Because McCune-Albright syndrome treatment is relatively complex and lengthy, follow-up care focuses on managing the condition safely. Sufferers should try to focus on a positive healing process despite the adversity. In order to build up the appropriate posture, relaxation exercises and meditation can help calm and focus the mind, which has been irritated by the stress of the illness. Meditative exercises can have a positive effect on the strong mood swings. If depression or other psychological disorders have developed in the patient concerned or in the family environment, this should be discussed with a psychologist. Therapy can help restore mental balance and build a more positive attitude that makes it easier to deal with the disease. In this way, the quality of life can be increased despite the circumstances.
The individual symptoms of McCune-Albright syndrome can often be alleviated by those affected. However, the syndrome must first be clarified and treated by a doctor in order to rule out a severe course and serious complications.

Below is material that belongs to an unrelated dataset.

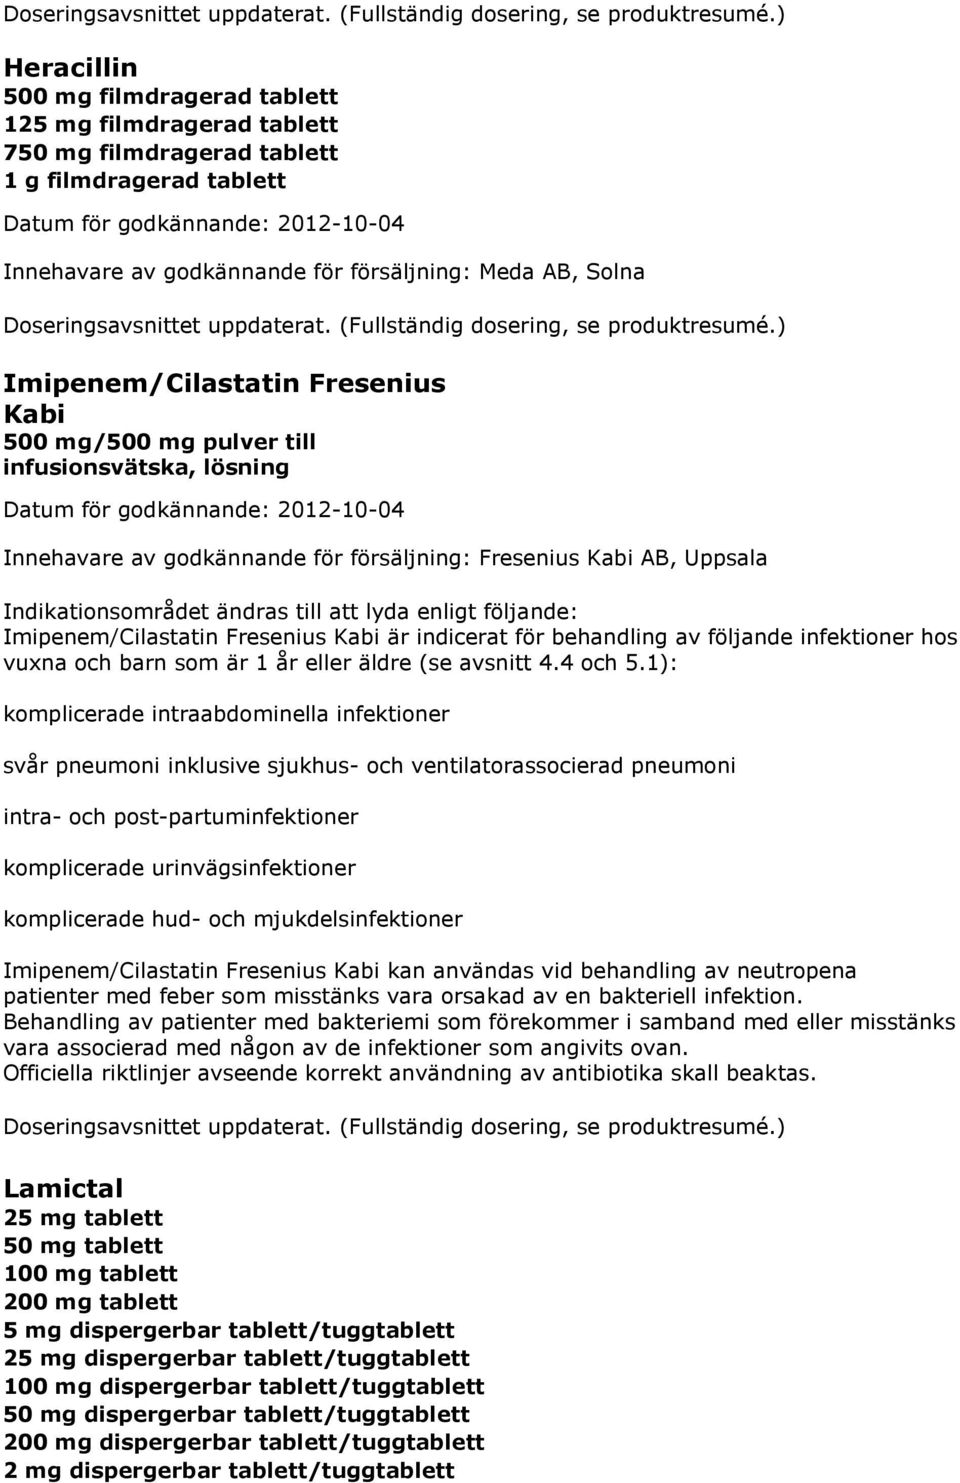 Imipenem/Cilastatin Fresenius Kabi 500 mg/500 mg pulver till infusionsvätska, lösning Innehavare av godkännande för försäljning: Fresenius Kabi AB, Uppsala Indikationsområdet ändras till att lyda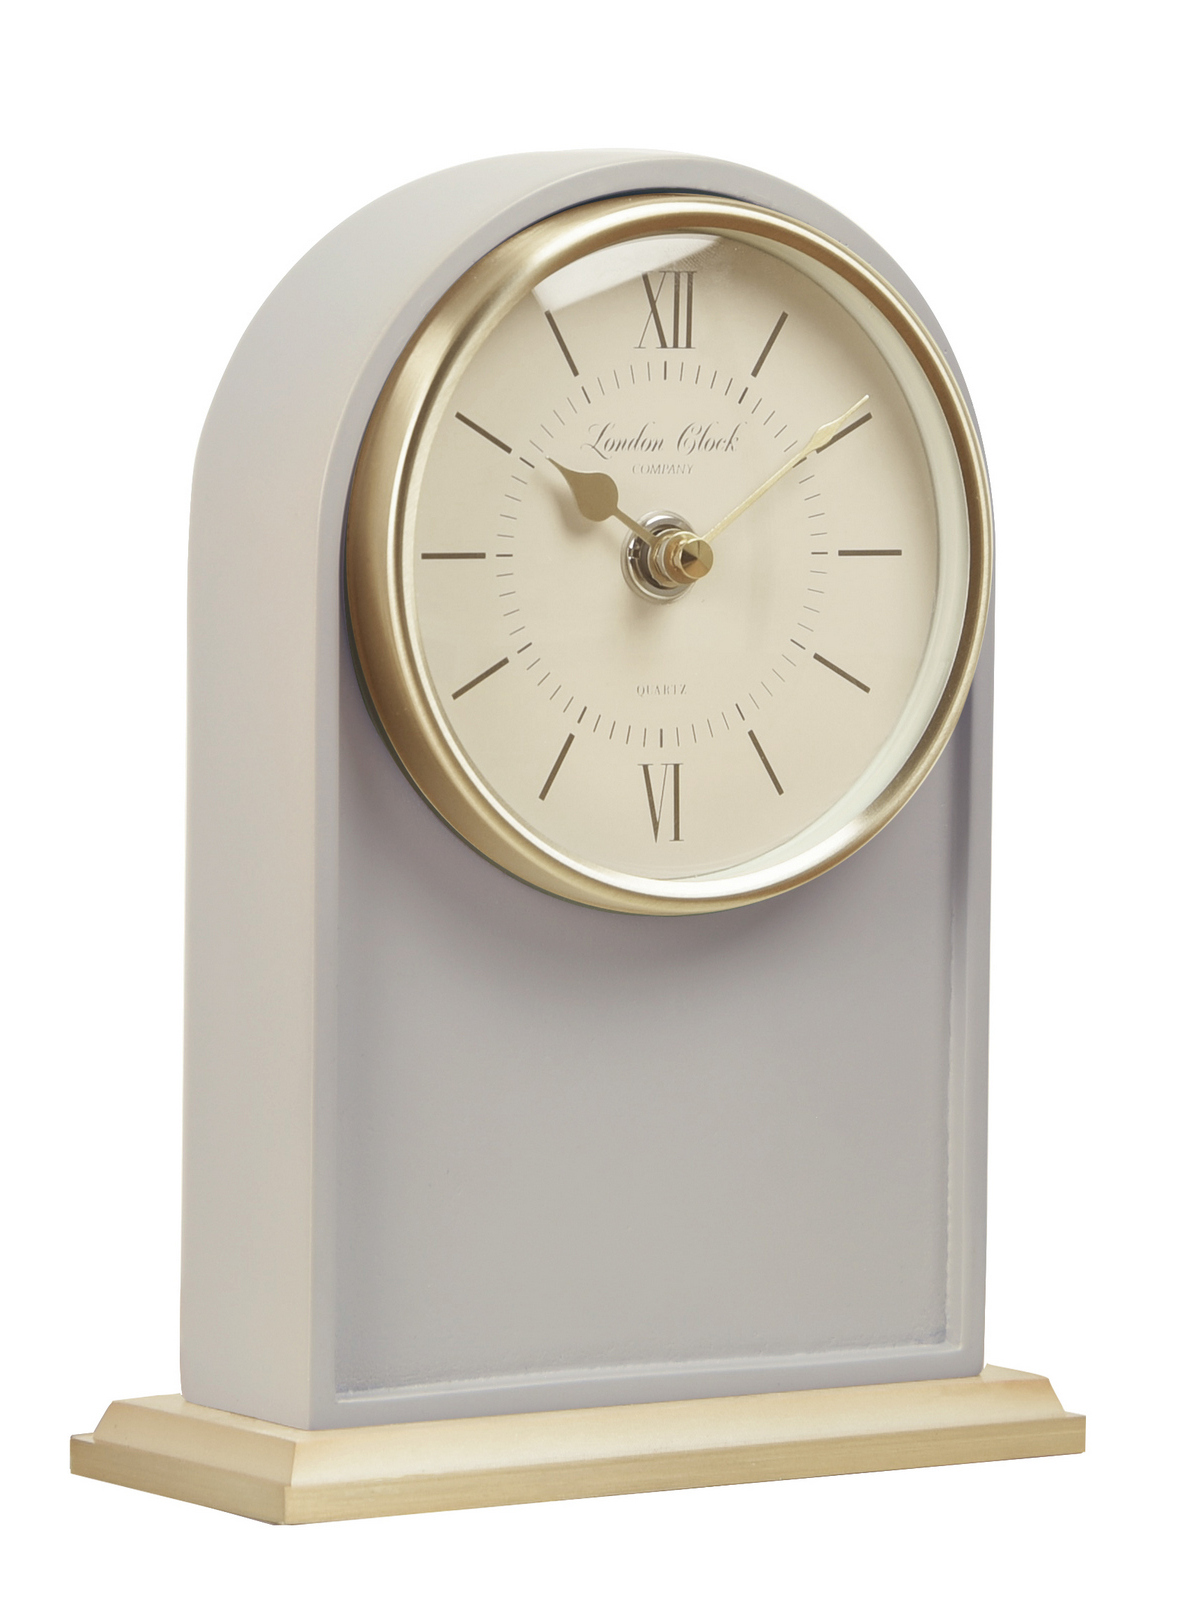 Часы настольные минута. Часы London Clock. Часы London Clock 34366 LC Designs. Часы настольные современные. Оригинальные настольные часы.

Following diagnosis, it is important to maintain strict personal hygiene to avoid inflammation in the area of bleeding. Women who have vaginal bleeding should speak to their gynecologist. If growth disorders occur, the person affected or their parents should seek therapeutic help. Avoiding UV radiation is also important, as this can intensify individual symptoms and, under certain circumstances, cause long-term damage. Sunscreens and similar products should also be avoided or only used in consultation with the responsible doctor. In addition, a healthy lifestyle with a balanced diet, plenty of exercise and avoidance of stress is recommended. As a result and through preventive measures, serious consequences can be avoided in many cases.
If the self-help measures mentioned do not have any effect or new symptoms appear, the doctor must be consulted in any case. In addition to McCune-Albright syndrome, there may be another disease that needs to be clarified and, if necessary, treated.